Life Under the Baobab Tree: Africana Studies and Religion in a Transitional Age is a compendium of innovating essays meticulously written by early and later diaspora people of African descent. Their speech arises from the depth of their experiences under the Baobab tree and offers to the world voices of resilience, newness/resurrection, hope, and life. Resolutely journeying on the trails of their ancestors, they speak about setbacks and forward-looking movements of liberation, social transformation, and community formation. The volume is a carefully woven conversation of intellectual substance and structure across time, space, and spirituality that is quintessentially “Africana” in its centering of methodological, theoretical, epistemological, and hermeneutical complexity that assumes nonlinear and dialogical approaches to developing liberating epistemologies in the face of imperialism, colonialism, racism, and religious intolerance.

A critical part of this conversation is a reconceptualization and reconfiguration of the concept of religion in its colonial and imperial forms. Life Under the Baobab Tree examines how Africana peoples understand their corporate experiences of the divine not as “religion” apart from its intimate connections to social realities of communal health, economics, culture, politics, environment, violence, war, and dynamic community belonging. To that end Afro-Pessimistic formulations of life placed in dialogic relation Afro-Optimism. Both realities constitute life under the Baobab tree and represent the sturdiness and variation that anchors the deep ruptures that have affected Africana life and the creative responses. The metaphor and substance of the tree resists reductionist, essentialist, and assured conclusions about the nature of diasporic lived experiences, both within the continent of Africa and in the African Diaspora.

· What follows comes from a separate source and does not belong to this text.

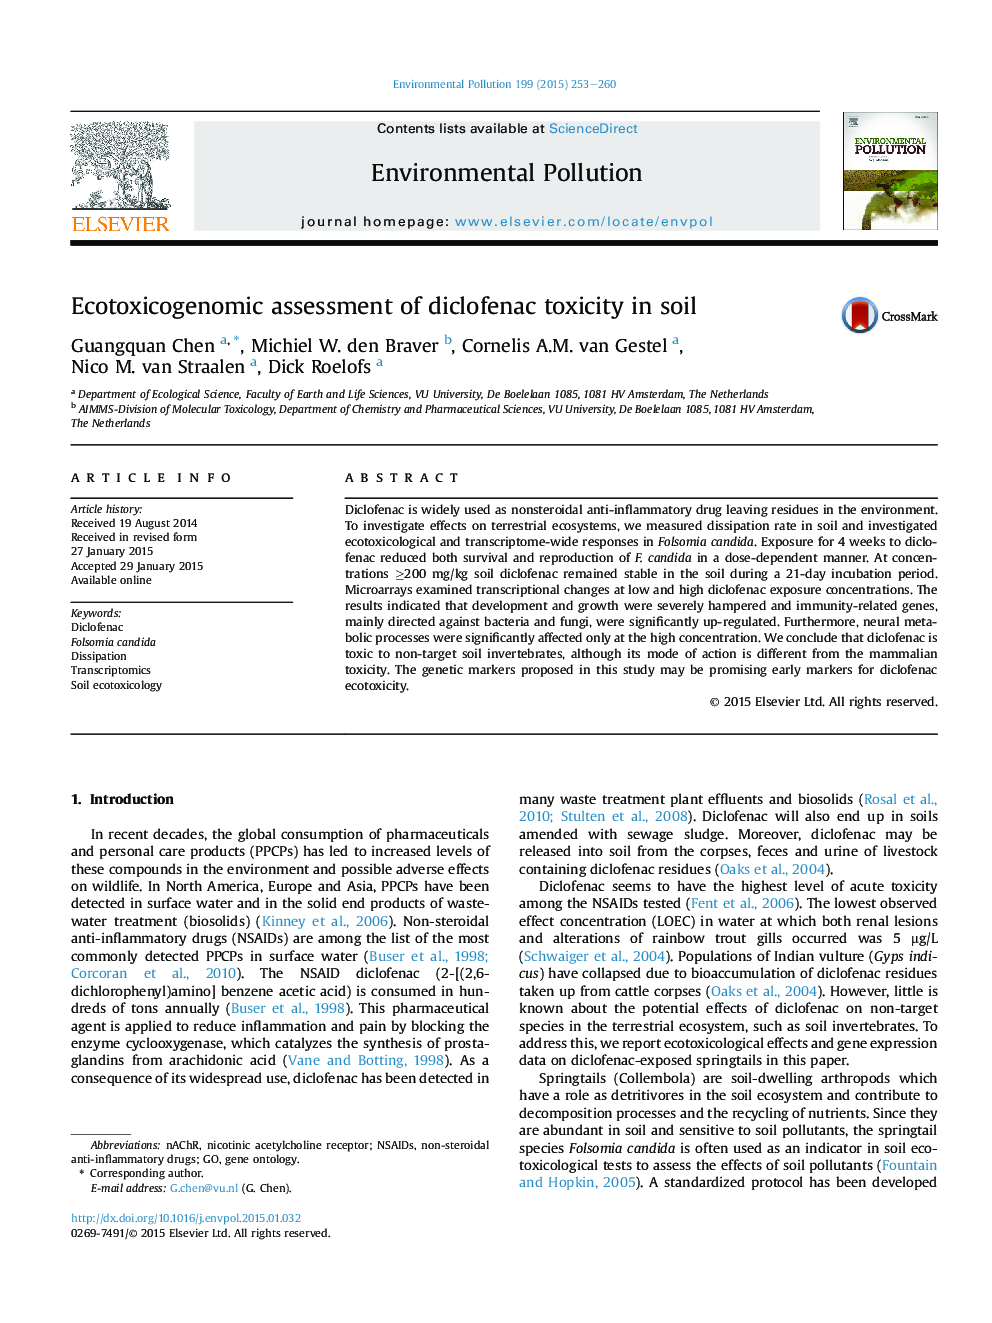 Ecotoxicogenomic assessment of diclofenac toxicity in soil
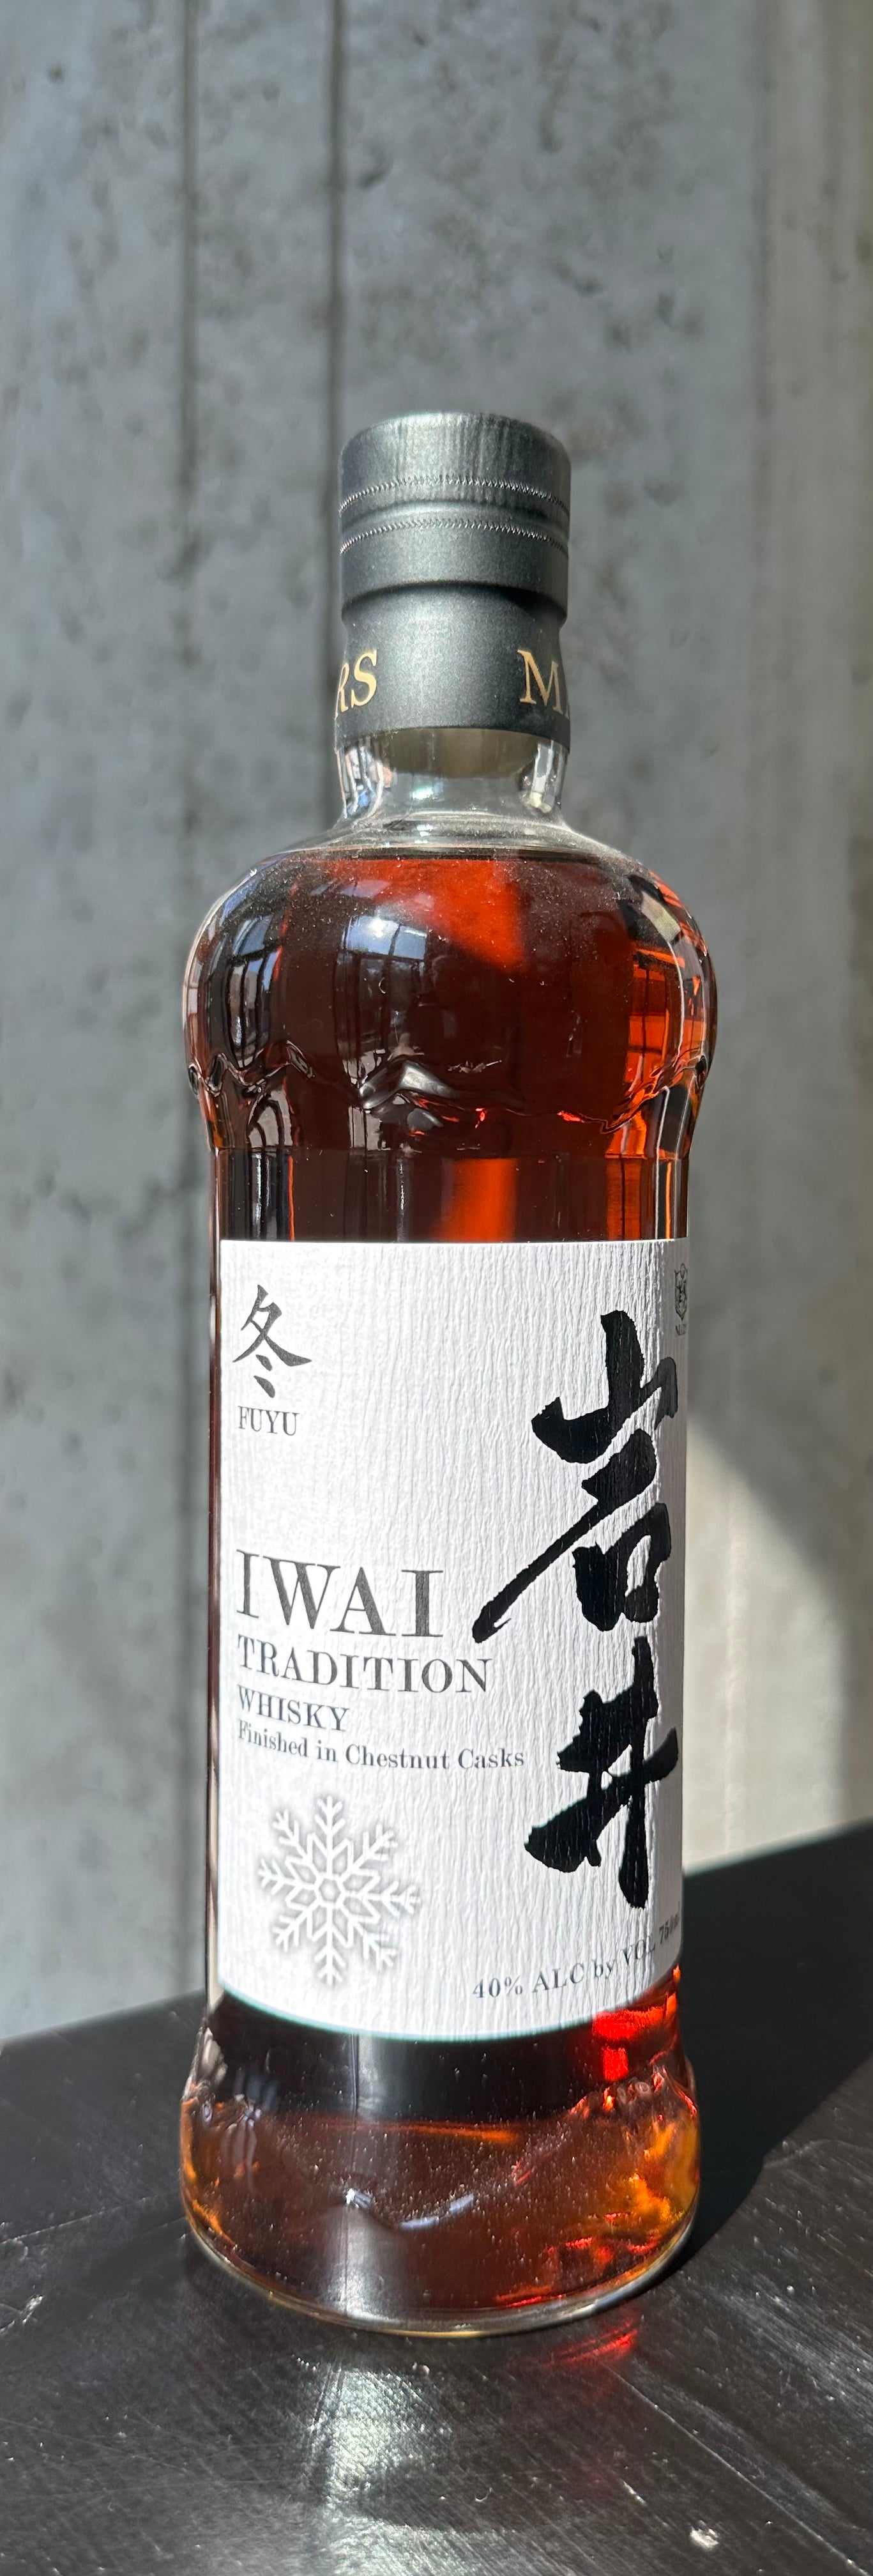 Mars Whisky Iwai Tradition "Fuyu"  Chestnut Cask Finished

CONTRIBUTORS: Yountae An, Desmond Coleman, Salim Faraji, Rachel Harding, Catherine Keller, Minenhle Khumalo, Pamela Mordecai, Aliou Cissé Niang, Kenneth Ngwa, Hugh Page Jr., Arthur Pressley, Paige Rawson, Adegbite Shola, Althea Spencer-Miller, Nimi Wariboko, Sharon Williams

KENNETH N. NGWA is Professor of Hebrew Bible and Director of the Religion and Global Health Forum at Drew Theological School. He is the author of Let My People Live: An Africana Reading of Exodus

ALIOU CISSÉ NIANG is Associate Professor of Biblical Interpretation–New Testament at Union Theological Seminary in New York. His books include A Poetics of Postcolonial Biblical Criticism: God, Human-Nature Relationship, and Negritude

ARTHUR PRESSLEY is a clinical psychologist and Associate Professor of Psychology and Religion at Drew Theological School. His clinical practice is in the areas of childhood trauma, medical psychology, psychological testing, and psychotherapy with adults and children.